Source: Anker, Kirsten. “Teaching ‘Indigenous peoples and the Law:’ Whose Law?’ Alternative Law Journal. Vol. 33, No. 3 (2008), 132 - 136. Retrieved from http://www.austlii.edu.au/au/journals/AltLawJl/2008/40.pdf.

Abstract:

            Dr. Kristen Anker is a professor of law at McGill University with a focus in Aboriginal Law and Indigenous legal traditions. In this short article, Anker discusses the difficulty of addressing Indigenous legal issues within the current monopolized eurocentric legal traditions that focus on statues and court cases. Anker’s main question is, how might Indigenous Law be genuinely incorporated into law curriculum at McGill University and other law schools across Canada? She concludes, for meaningful reconciliation to occur within the judicial system, the “monopoly on the idea of law” must be disregarded and replaced with an inclusive system that includes Indigenous Law and legal traditions.

“The first stumbling block to designing a course that aimed to bring indigenous legal traditions into the conversation about law might even be that the university education system is itself so bound up in the epistemology and ontology shared by European-derived law — distinct subject matters, a reliance on written knowledge, the hierarchical structure of expertise, enlightenment rationality — that the classroom setting may effectively exclude the learning of indigenous law.” Page 134

“...learning indigenous law came in dreams as a result of ceremonies. It was deeply tied to language, to place, and to the specific individual. As in Australia, it may be that aspects of indigenous law are sacred and explicitly not publicly accessible for study.” Page 134

 

“It would be too easy, however, to receive this creation story in the category ‘myth’ and to exoticise it without questioning the assumption that Western law is opposite to myth. Both the ‘trans’ in transsystemic and the trickster of First Nations stories would have us question the standard order of things, so we next asked where non-indigenous law comes from in North America, and read some of the canonical texts (John Locke, the Royal Proclamation, the Marshall decisions) with mythological lenses, looking to see what it is that myths do: cover up paradoxes, explain the inexplicable, and account for how we get something out of nothing by situating it in the very distant past.” Page 134 - 135

Shirley Williams / Migizi ow-kwe

Shirley Williams is an elder and professor emeritus, Nishnaabemowin language, Indigenous studies at Trent University. She is Odawa-Ojibway, from Wikwemikong Unceded Indian Reserve, Manitoulin Island, Ontario.

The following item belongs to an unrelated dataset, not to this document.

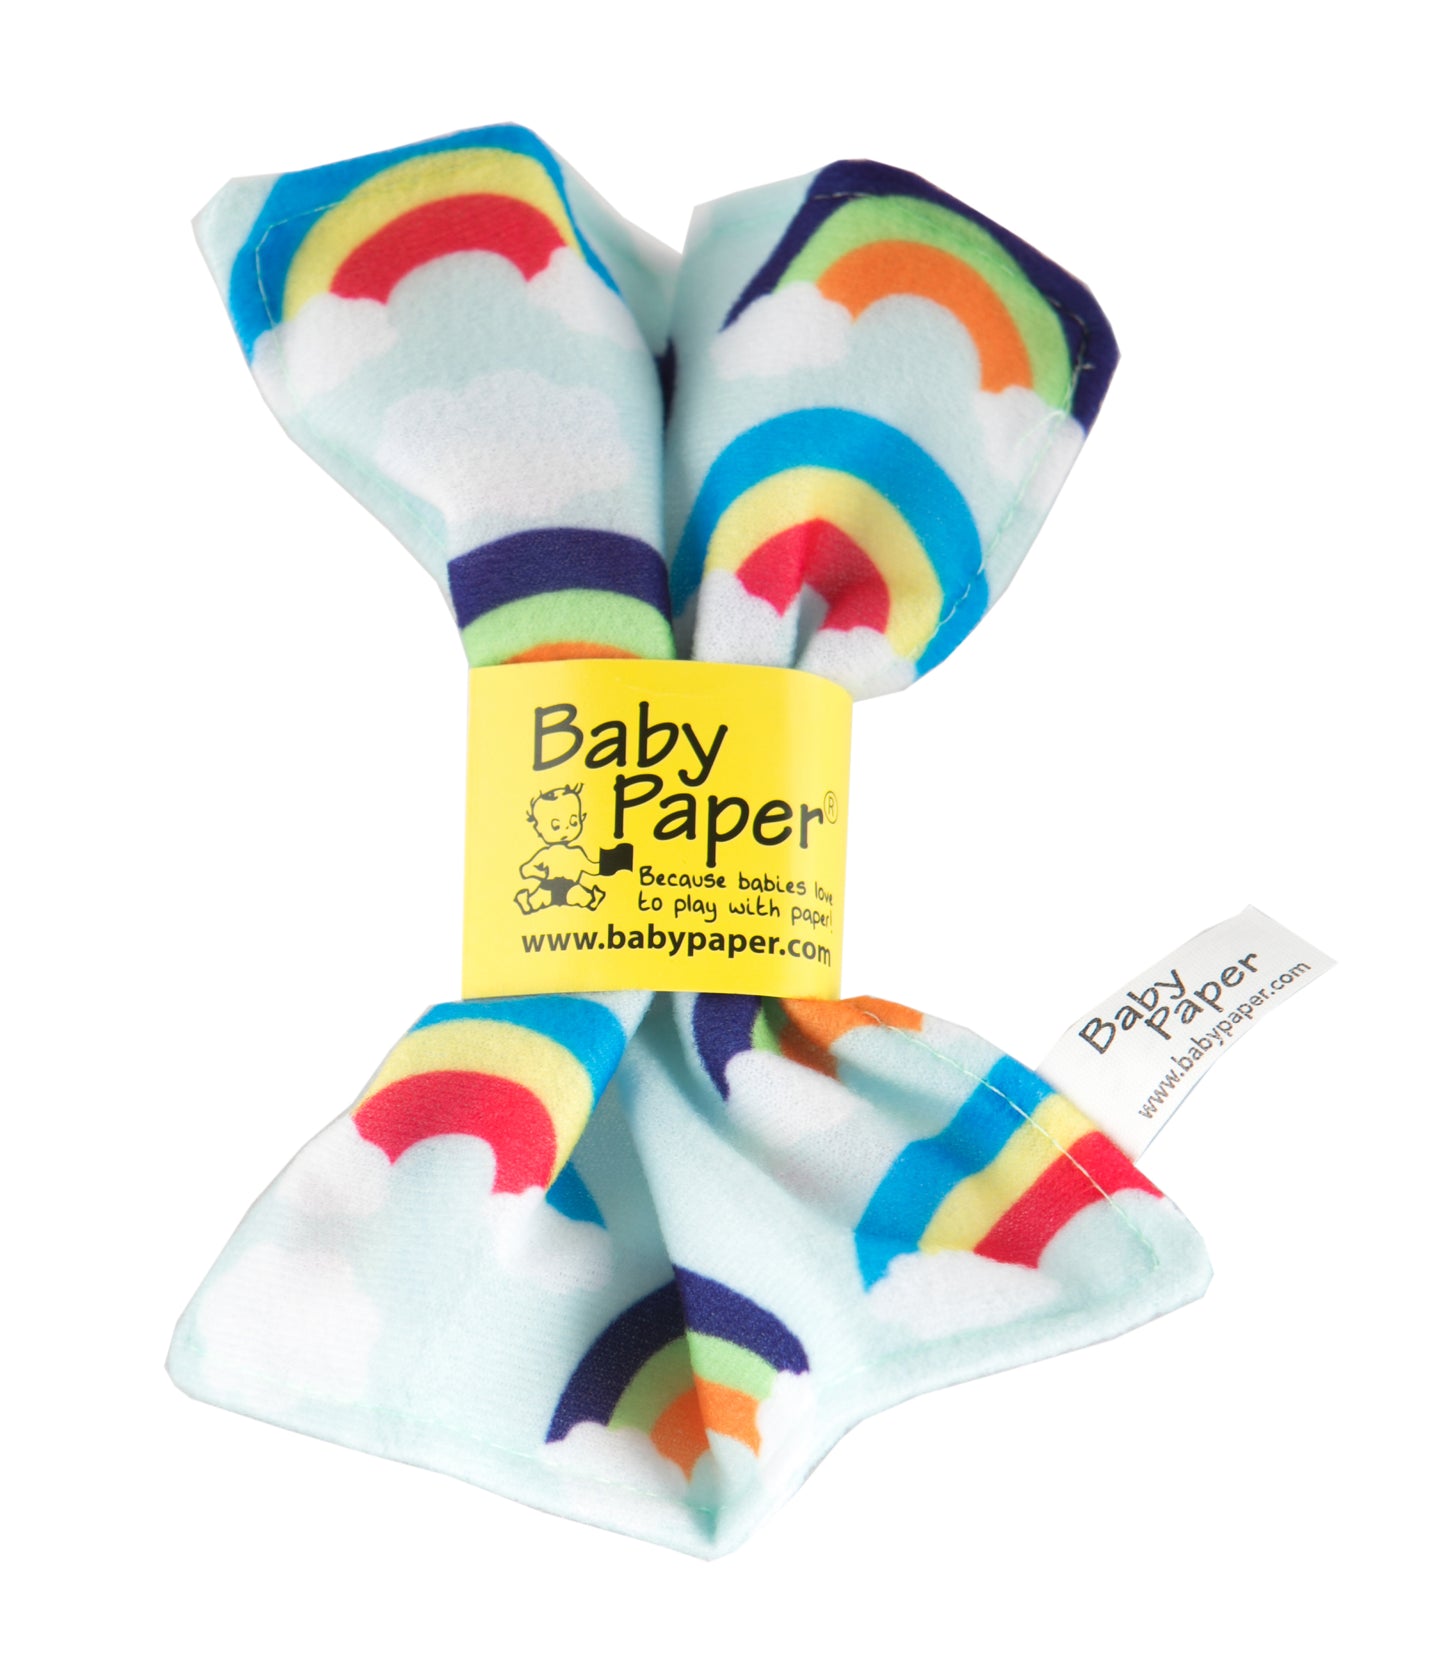 Butterfly Book, Plush & Rainbow Baby Paper Gift Set
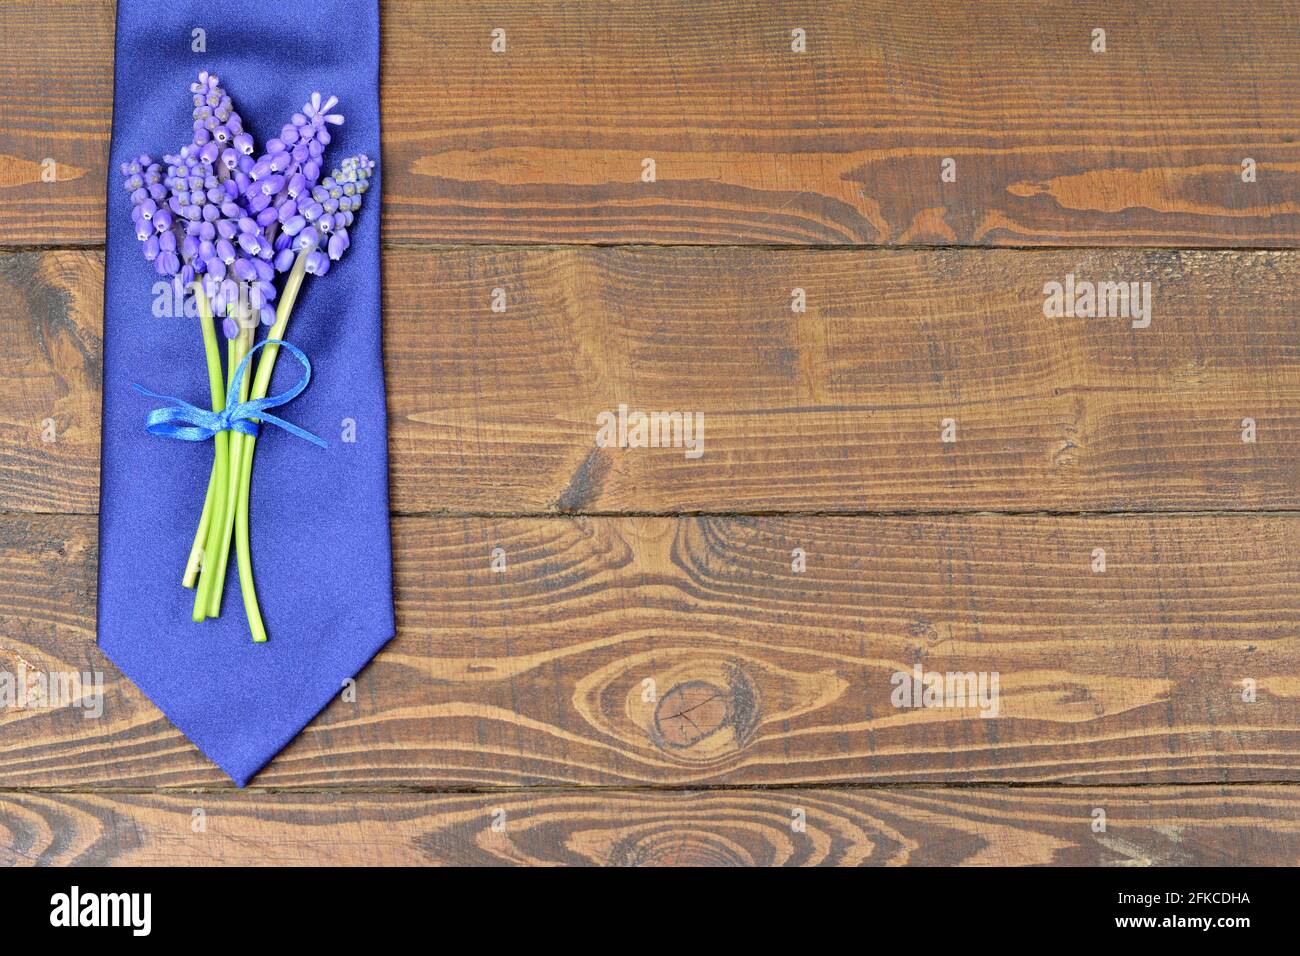 Fathers Day background with blue tie and grape hyacinth flowers Stock Photo

Source: MacDonald, Moira. “Six Indigenous scholars share their views of Canada at 150.” University Affairs. June 7th, 2017. Retrieved from:
https://www.universityaffairs.ca/features/feature-article/six-indigenous-scholars-share-views-canada-150/

“The greatest thing Canada could do for reconciliation – help restore the languages and cultures that were destroyed. Need to eliminate barriers against First Nations students receiving language instruction at school, need to create programs for adults who lost their languages through the Sixties Scoop, and programs to train and accredit fluent speakers as teachers so they can pass on their knowledge through years of university credits.”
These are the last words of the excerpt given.